Early Years of Unicode

Early Years of Unicode

The Unicode® Standard
"…begin at 0 and add the next character"

Antecedents and The First Year - 1988

The concept of a 16-bit universal code was not new. Even the original 1984 principles of the ISO multi-byte character encoding are directed to that end:

"...develop the ISO standard for graphic character repertoire and coding for an international two byte graphic character set… Consider the needs of programming languages to have the same amount of storage for each character..." [ISO/TC97/SC2 N1436, 1984]

Other antecedents to Unicode are found in the Star workstation introduced by Xerox in 1980 and in aspects of the two-byte standards found in the Far East.

Ground work for the Unicode project began in late 1987 with initial discussions between three software engineers -- Joe Becker of Xerox Corporation, Lee Collins who was then with Xerox, and Mark Davis, then of Apple Corporation.

Early 1988 had completed three main investigations:
(a) comparisons of fixed-width and mixed-width text access
(b) investigations of the total system storage requirements with two-byte text
(c) preliminary character counts for all world alphabets.

Based on these investigations and their experience with different character encodings, Becker, Collins and Davis derived the basic architecture for Unicode.

The beginning of the Unicode Standard may be marked with the publication of the paper written in February of 1988 by Joe Becker, Unicode 88.

Unicode -- The Beginnings

“For me, the need for Unicode first struck about 12 years ago [1985]. While I had done some internationalization while working in Europe, I hadn’t worked on any of the more interesting scripts. Two programmers, Ken Krugler and I were working on a “skunkworks” project in Sapporo, Japan. Our goal was to produce the first Kanji Macintosh.

Working with our Japanese counterparts was made somewhat more challenging because of the translation issues. In the best of all possible worlds, we would all have spoken a common language. Second best would have been having a technically savvy translator, experienced with software engineering design and concepts. What we actually had was one, lone Apple marketing person, who happened to be bilingual.

Imagine yourself in that situation, having to discuss how to combine Huffman encoding and run-length encoding to compress Japanese input dictionaries. We soon learned the full impact of the phrase "to lose something in translation!"

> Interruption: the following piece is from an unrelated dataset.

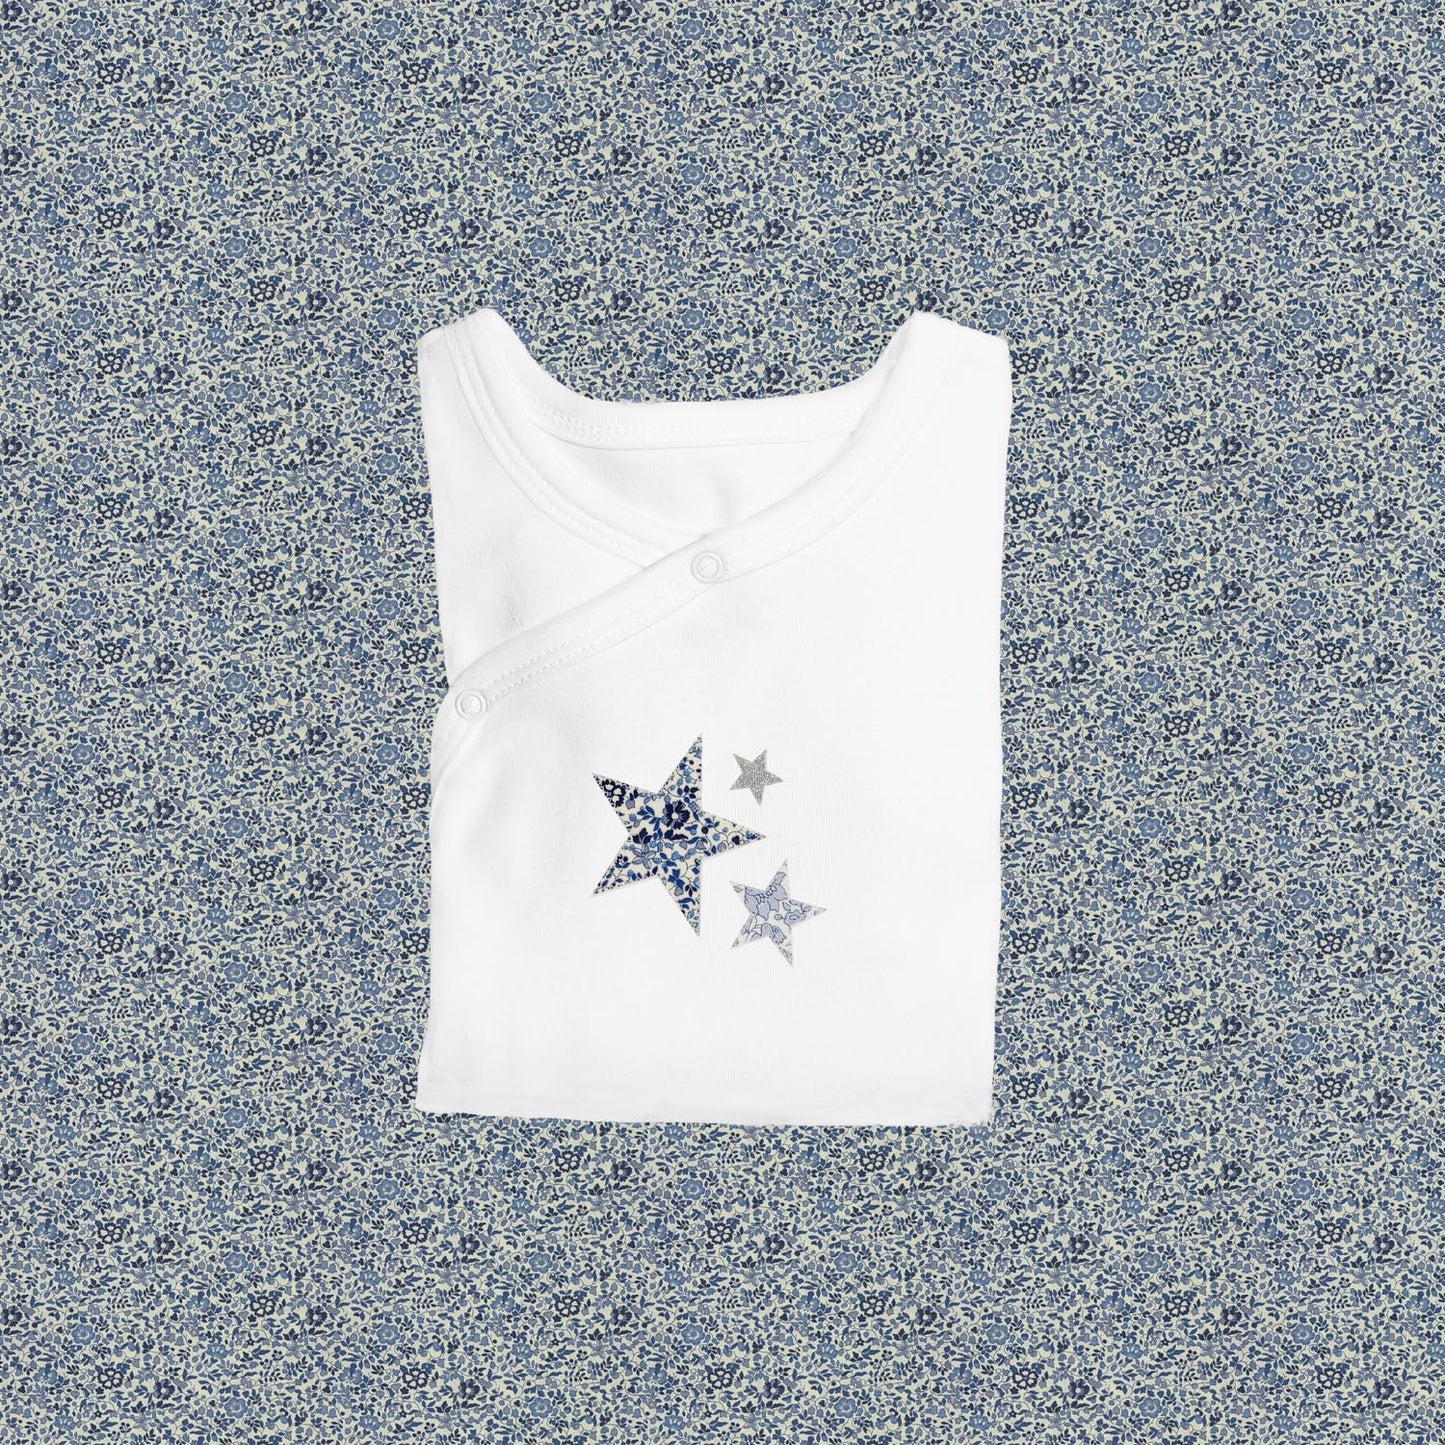 Sleepsuit - Stars Blue

But then our translator had to leave, and we were left with just vestiges of English on their side, and miniscule Japanese on ours. We then found out just how useful a white-board can be.

Yet one day we hit a stumbling block, and were just not making progress. We had known that Japanese needed two bytes to encompass the large character set, and we had prototyped how to adapt the system software to use two-byte characters. However, we were having trouble figuring out exactly how things fit together with our counterparts' data formats.

Remember [that] we were new to this, so it didn't hit us right away. But all of a sudden, we could see the light go on in both of our faces: we had assumed that the standard Shift-JIS character set was a uniform two-byte standard. We were so, so wrong. You needed a mixture of single and double bytes to represent even the most common text. Worse yet, some bytes could be both whole single byte-characters, and parts of double-byte characters. We weren't in Kansas anymore!

We persevered, and ended up producing a successful product [Apple KanjiTalk]. But -- although we kicked around different ideas for a radically new kind of character set -- we never did anything with these ideas. That is, not until we heard about a proposal from colleagues at Xerox for such a new kind of character set, a character set originated by Joe Becker, a character set that he baptized 'Unicode'."

Mark Davis, President and Co-founder of the Unicode Standard and the Unicode Consortium:
Quoted from Keynote Address,“10 years of Unicode”
September 1997 Eleventh International Unicode Conference #11 (©Unicode, Inc. 1997)

1985-1987

During this period of time, in addition to his co-authoring of Apple KanjiTalk, Davis was involved in further discussions of a universal character set which were being prompted by the development of the Apple File Exchange.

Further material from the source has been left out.